Eric Prindle, a professional mixed martial artist for nearly five years, loves almost everything about the sport that he has taken on as a career.
But "almost" is the operative word for Prindle.
“It’s up to the individual, but I don’t like when guys cross a certain line when they talk,” the 36-year-old Prescott, Arizona, native said. “There’s hyping up a fight, then there’s talking crap about other people's kids and stuff like that—I don’t like that.”
For Prindle, who served in the United States military for nearly a decade before diving head-first into the world of mixed martial arts, fighters should put an emphasis on being respectful, especially when in the public eye.

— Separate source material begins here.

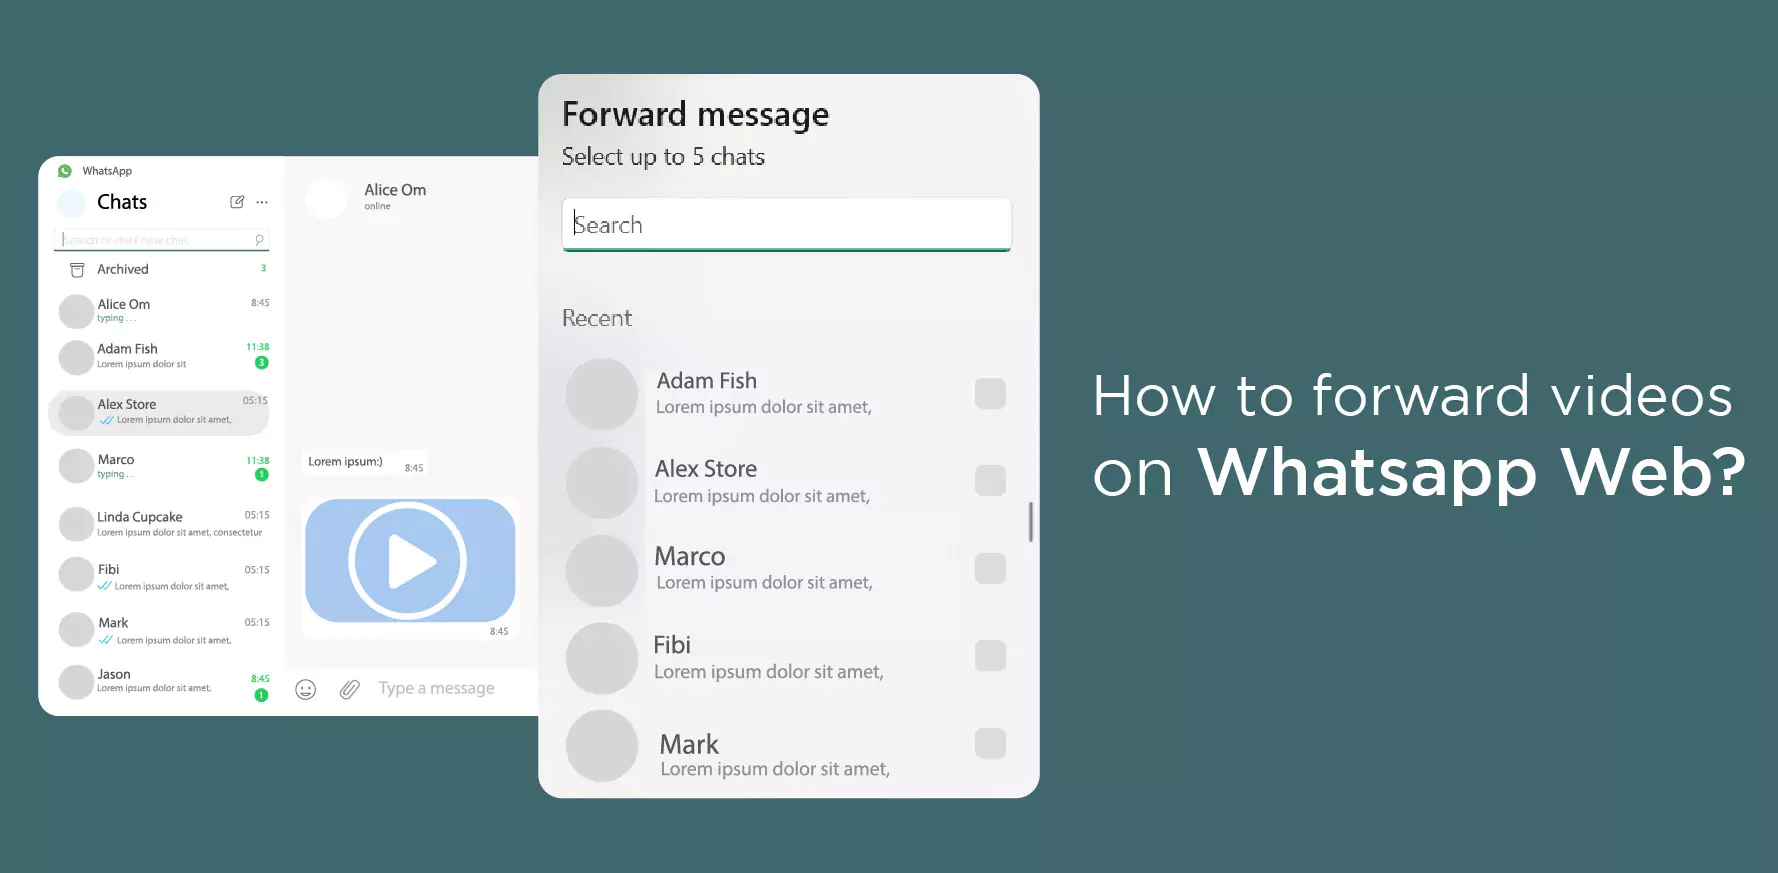 How To Forward Videos On Whatsapp Web?

“When so much is riding on something—a career, more money, a bigger shot for the guy who wins—of course you have someone who has to lose, but I don’t think you should be disrespectful,” he said. “There’s no reason for doing that. I’m not certain, but I doubt any of the samurais back in the day did that kind of stuff.

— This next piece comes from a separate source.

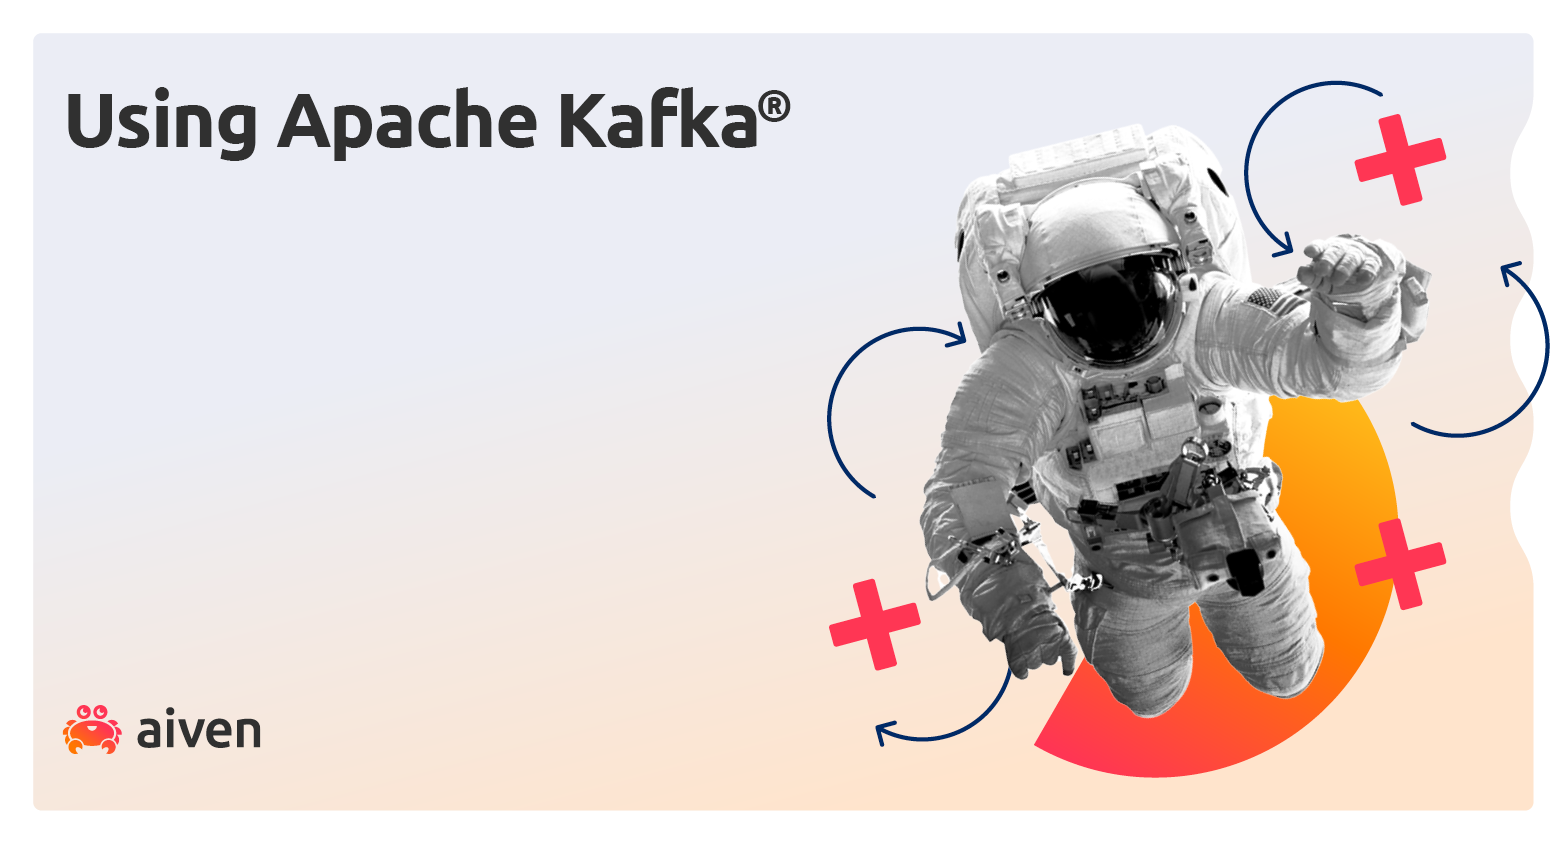 Use cases for Apache Kafka illustration

“Honour breeds honour and disrespect breeds disrespect. If more of us took the honourable route, then more kids are going to want to emulate it and the Earth might be a nicer place to live.”
Prindle noted that he would continue to uphold a high level of respect in his career—both in his own fighting and as a coach when he hangs up his gloves—but he isn’t certain if his peers will follow his lead.
“In Erik Paulson’s time, there was more respect. People weren’t doing it for the paycheck; it was about respect,” Prindle said. “People were fighting to be the absolute best, but there’s way more money involved now. And with everything, the more people you have, you’re going to have more walks of life—different people—and things may change.
“A lot of us respect people and show respect to everybody. Hopefully it will spread versus going the other way.”
Ed Kapp is a Regina, Saskatchewan-based freelance journalist. Unless otherwise noted, all quotations were obtained firsthand.